Вот после этого странного разговора о двух лукавых холопах прекратилось повышение Филиппа Федоровича в чинах. Самому это странным не казалось, и жалоб никаких подполковник Унтилов не высказывал.

Получив предписание из трясущихся рук Ильяшенкова (комендант провел бессонную ночь!), Унтилов тяжело опустился на стул, заложил ногу на ногу.

– Как будем исследовать? – спросил он. – Что они говорят? Будто один секундант был?

Василий Иванович сказал немного невпопад:

– Я в штаб армии отправил донесение… И в Пятигорскую городскую частную управу…

Унтилов чуть шевельнул носом, как будто хотел поморщиться, но передумал.

– Жандармов пришлют…

– А пусть бы и прислали! – вскрикнул Василий Иванович. – Я-то думал, мальчишки друг друга поранили – и разошлись, а он… Он же помер!

– Чьи были пистолеты? – спросил Унтилов.

– Мартынов показывает, будто глебовские…

– А что еще он может показывать – если был только один секундант и никто больше о поединке не знал… – сказал Унтилов, поднимаясь. – Мне до всякой истины докапываться, Василий Иванович, или придержать коней?

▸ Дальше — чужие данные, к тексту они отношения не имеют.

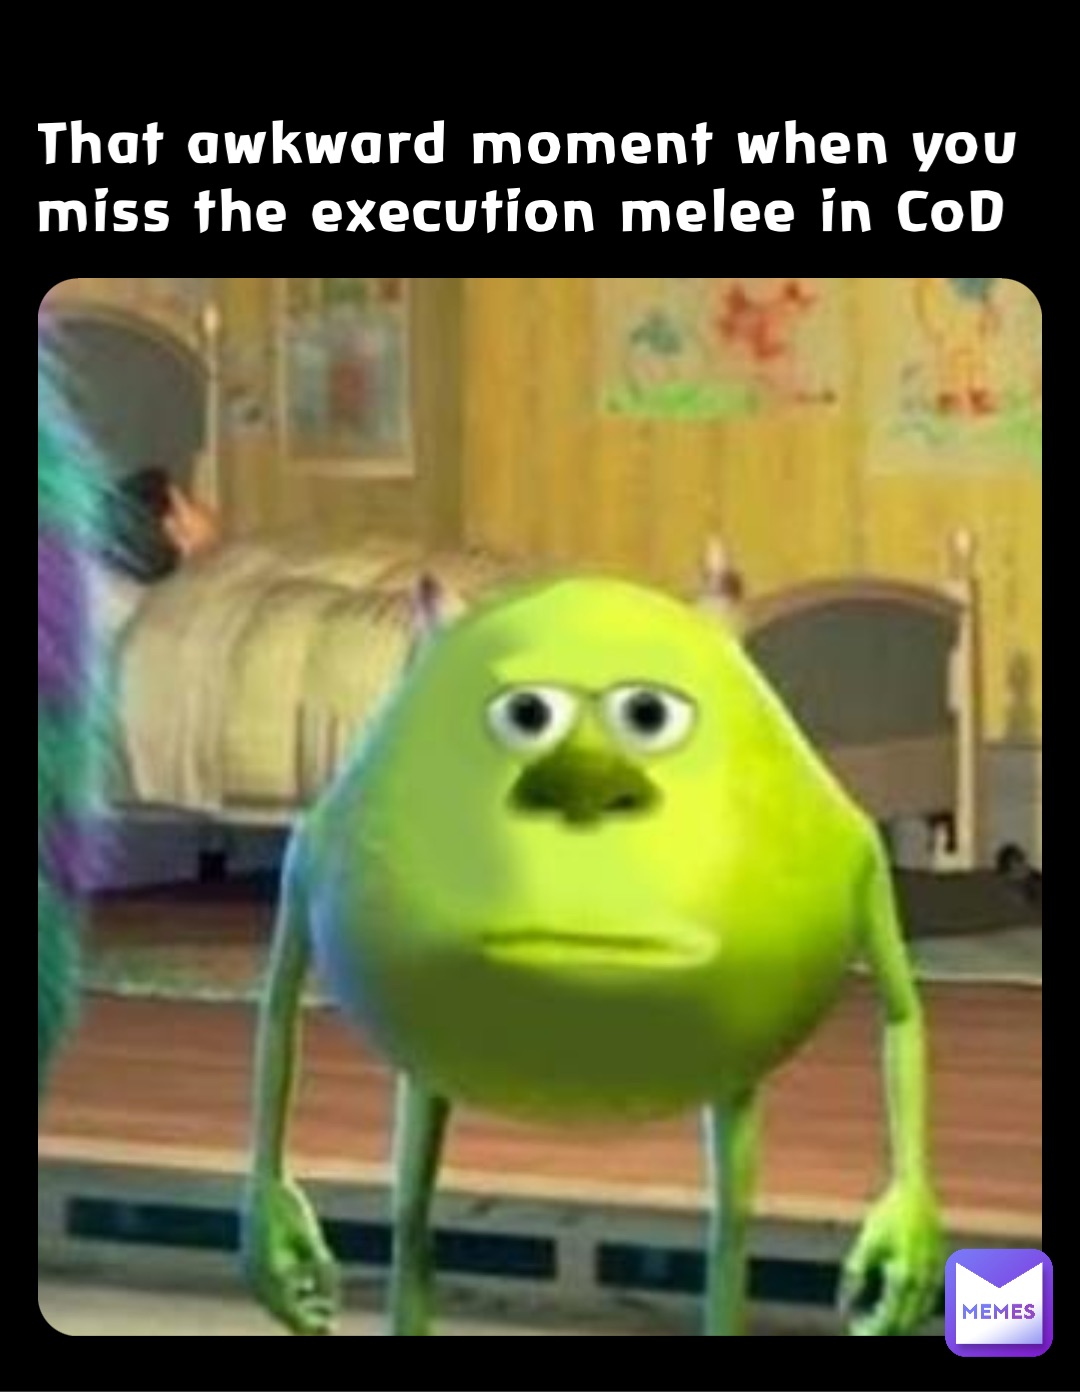 That awkward moment when you miss the execution melee in CoD

Ильяшенков посмотрел на него, сидя, снизу вверх; в серых круглых глазах коменданта появилось страдание.

– Как с вами всегда трудно, Филипп Федорович! Для чего непременно так говорить, чтобы другим делалось неловко?

Унтилов кривовато пожал острыми плечами:

– Я ведь вам только то говорю, о чем думаю.

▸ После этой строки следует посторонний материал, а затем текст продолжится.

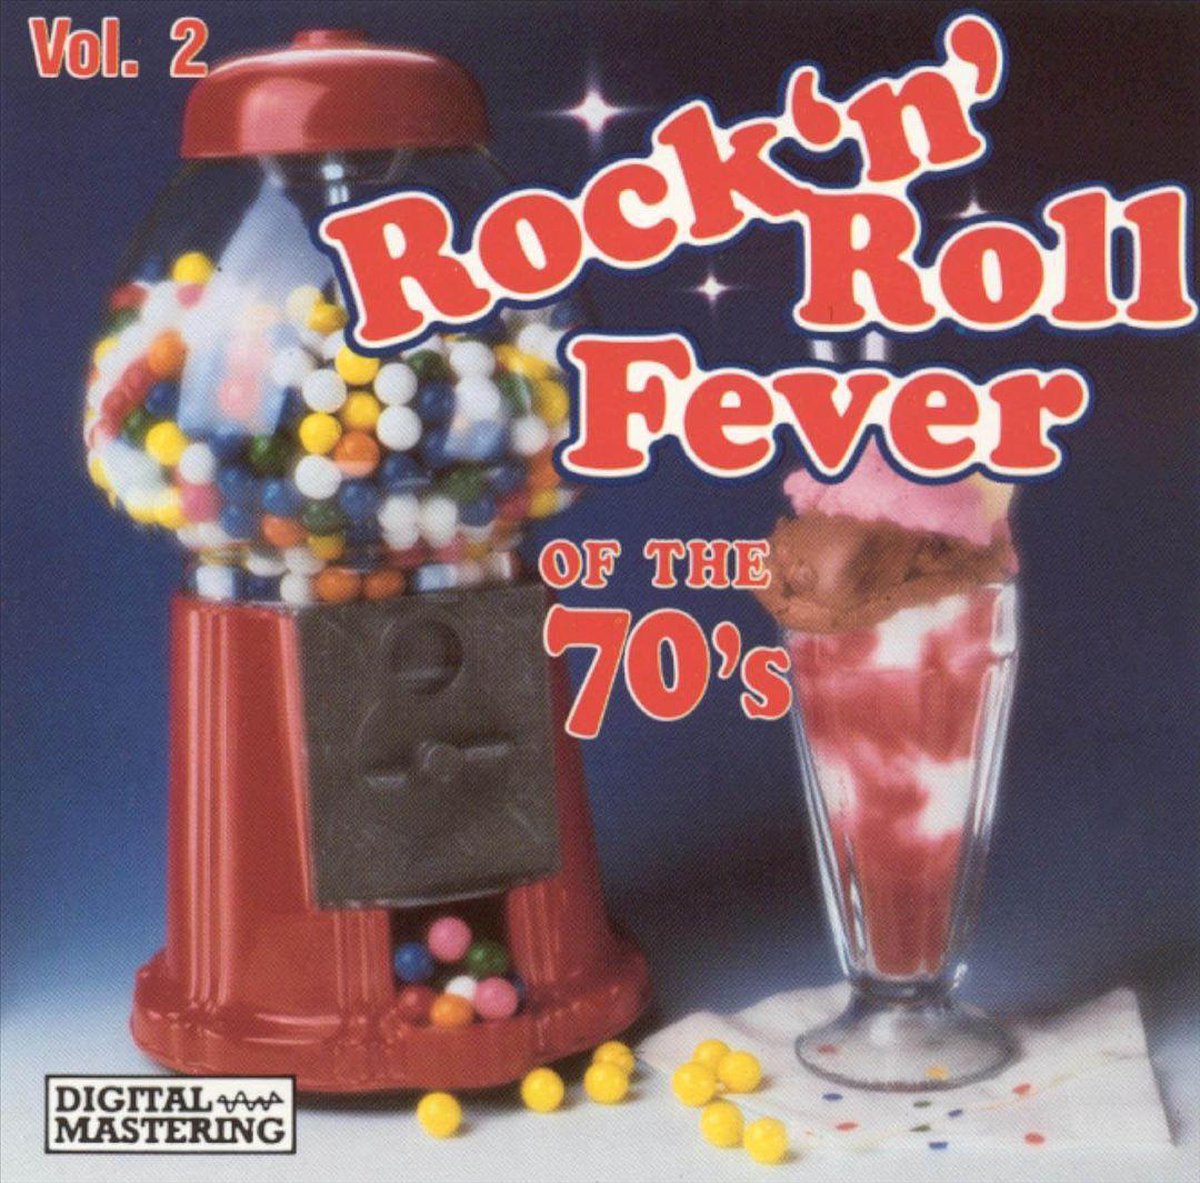 Rock 'N' Roll Fever of the Seventies, Vol. 2 - various artists

– Вы мне все рассказывайте, – решил Ильяшенков. – Там решится.

– Давайте сейчас решим, пока жандармы не понаехали, – предложил Унтилов. – Из штаба армии непременно предложат добавить в комиссию полковника-другого и сплошь в голубом.

– Ну и будете сотрудничать с полковником в голубом! – разъярился Ильяшенков. – Умные все стали! У всякого свое мнение.

Унтилов посмотрел на коменданта с непонятной ласковостью, как на огорченное дитя, после чего вздохнул:

– Я этого Лермонтова почти не знал. Скакал какой-то кузнечик по балам… Стихи – это он сочинял? Говорят, в деле был и отличился, только орденами его обошли. Равно и чинами.

– Это не наше с вами дело, Филипп Федорович. Да и поручику Лермонтову до сего уже дел никаких нет. А вот еще одно: как будем его хоронить?

– Средства-то найдутся – или все по балам раскидал? – спросил Унтилов.

Ильяшенков досадливо сморщился:

– Он ведь самоубийца… Как бы отец протоиерей вообще его хоронить не отказался.

– А мы к молодому батюшке подкатим, к отцу Василию, – сказал Унтилов. – Авось по молодости явит лихачество и отпоет вечную память нашему новопреставленному рабу Божию… Как его было святое имя?

– Михаил.

– Хорошее имя, – сказал Унтилов. – Прощайте пока, Василий Иванович.

Он резко наклонил голову, затем повернулся и вышел. Ильяшенков посмотрел ему вслед с печалью. Он предвидел долгий день, полный неприятных хлопот.

Хлопоты начались почти тотчас. Сперва прибежали из острога – со слезной мольбой от отставного майора Мартынова. Казак не знал, смеяться или плакать, когда передавал мартыновское прошение, написанное кривым почерком на неряшливом листке.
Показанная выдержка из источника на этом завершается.